- Education: University of Southern California
- Occupations: Film director, television director
- Years active: 1994–present
- Spouse: Monica
- Children: 1
- Website: jaykaras.com

= Jay Karas =

American director

Jaime Eliezer Karas,who is also known as Jay Karas, is an American film and television director.

==Career==
Karas's resume primarily consists of directing live telecasts and stand-up comedy specials.

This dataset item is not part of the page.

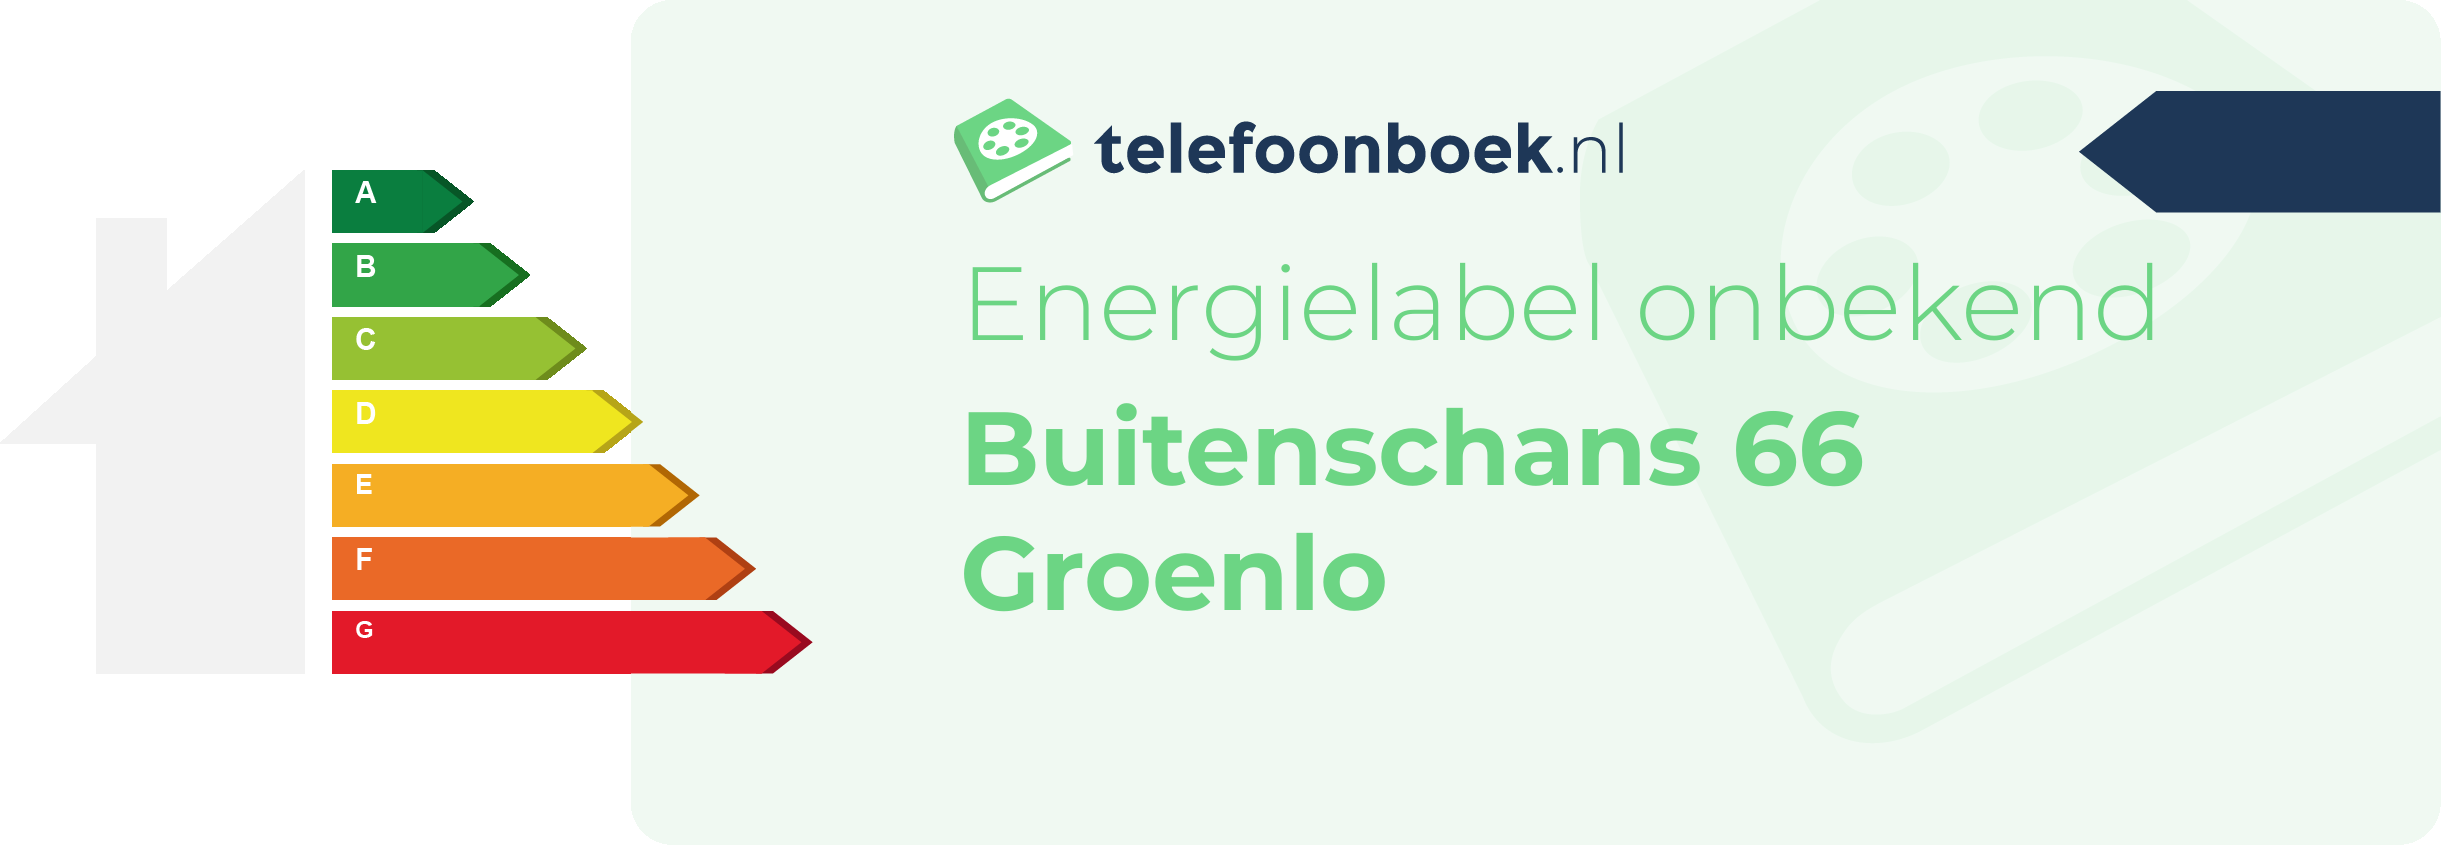 Energielabel Buitenschans 66 Groenlo
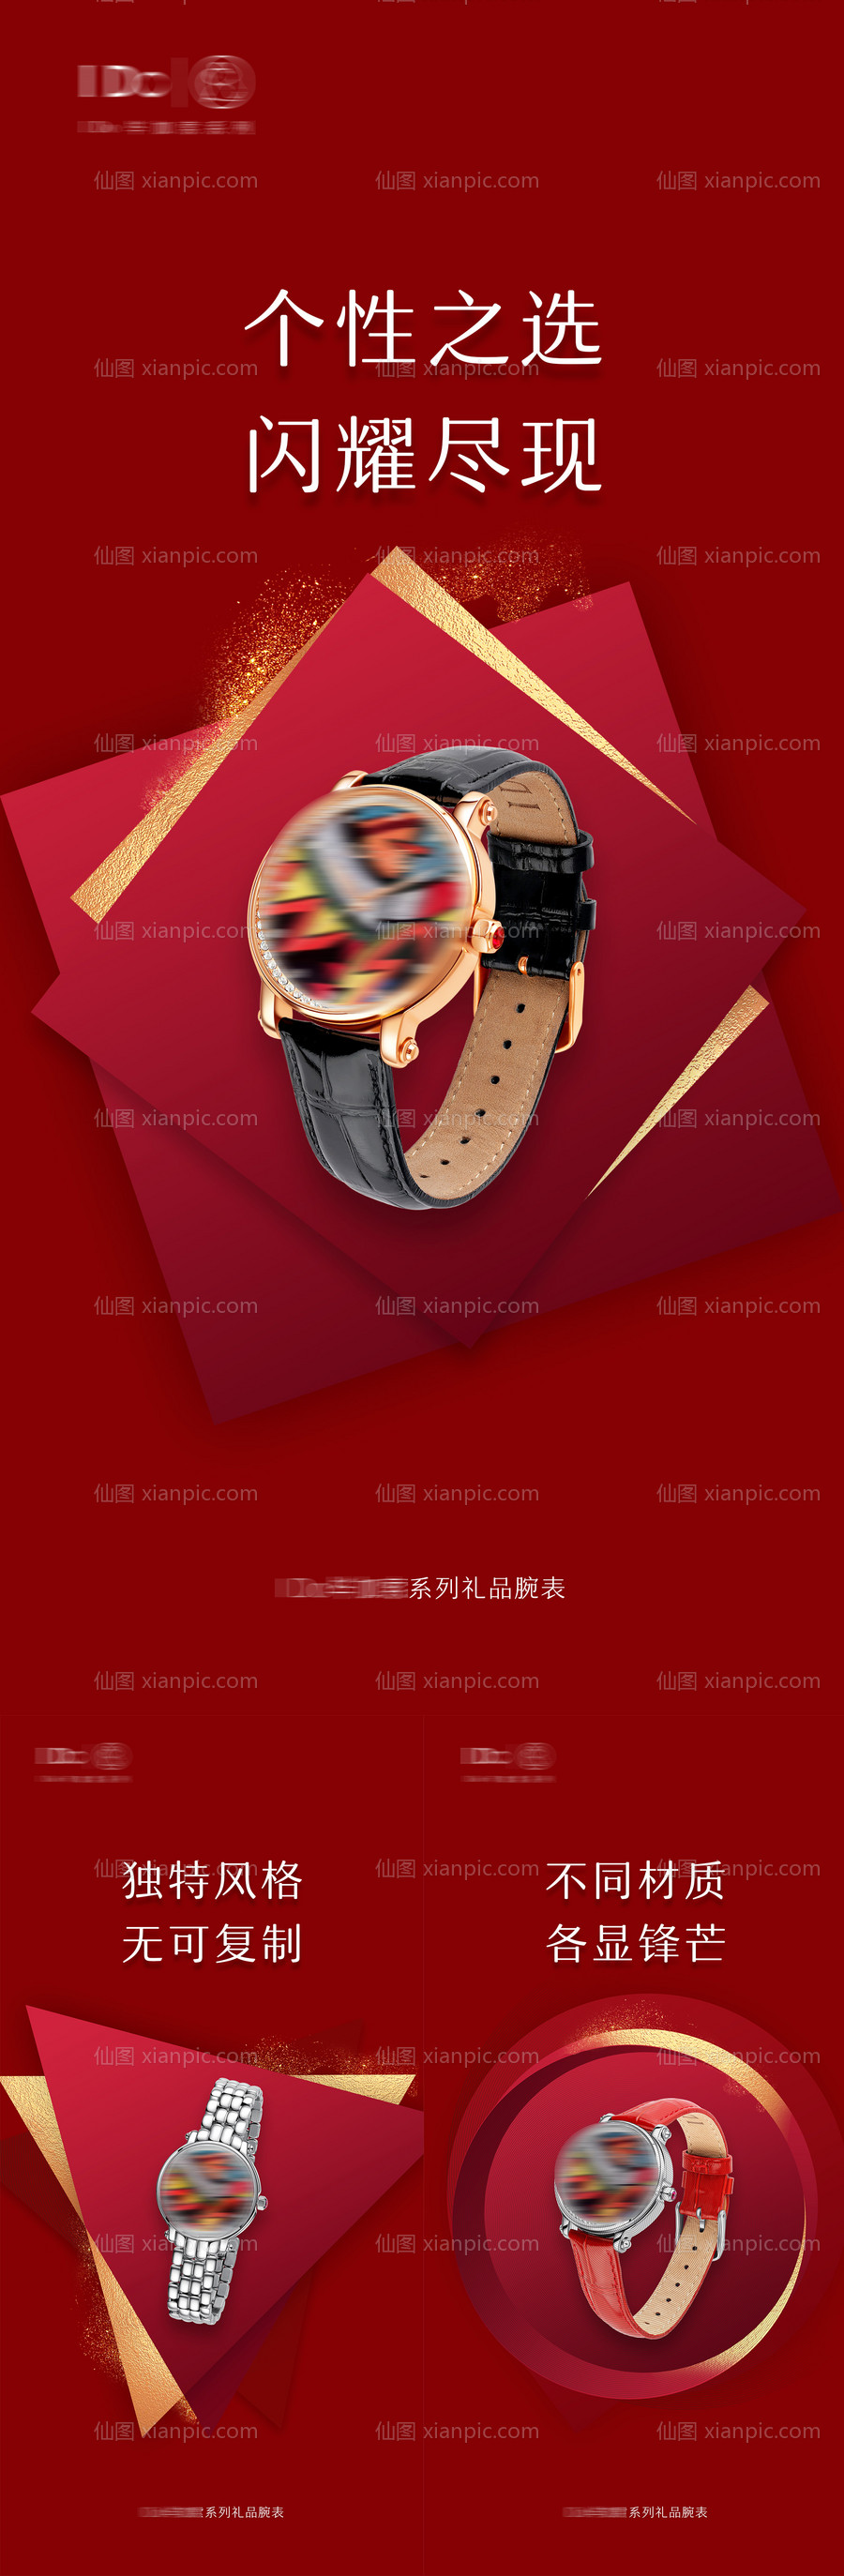 素材乐-高档品牌腕表手表宣传海报

In recent years he moved on to directing episodic television, directing episodes of Parks and Recreation, Raising Hope, Awkward, The Fosters, Brooklyn Nine-Nine and Workaholics. In 2014, Karas made his feature film directing debut with the film Break Point, starring Jeremy Sisto and David Walton.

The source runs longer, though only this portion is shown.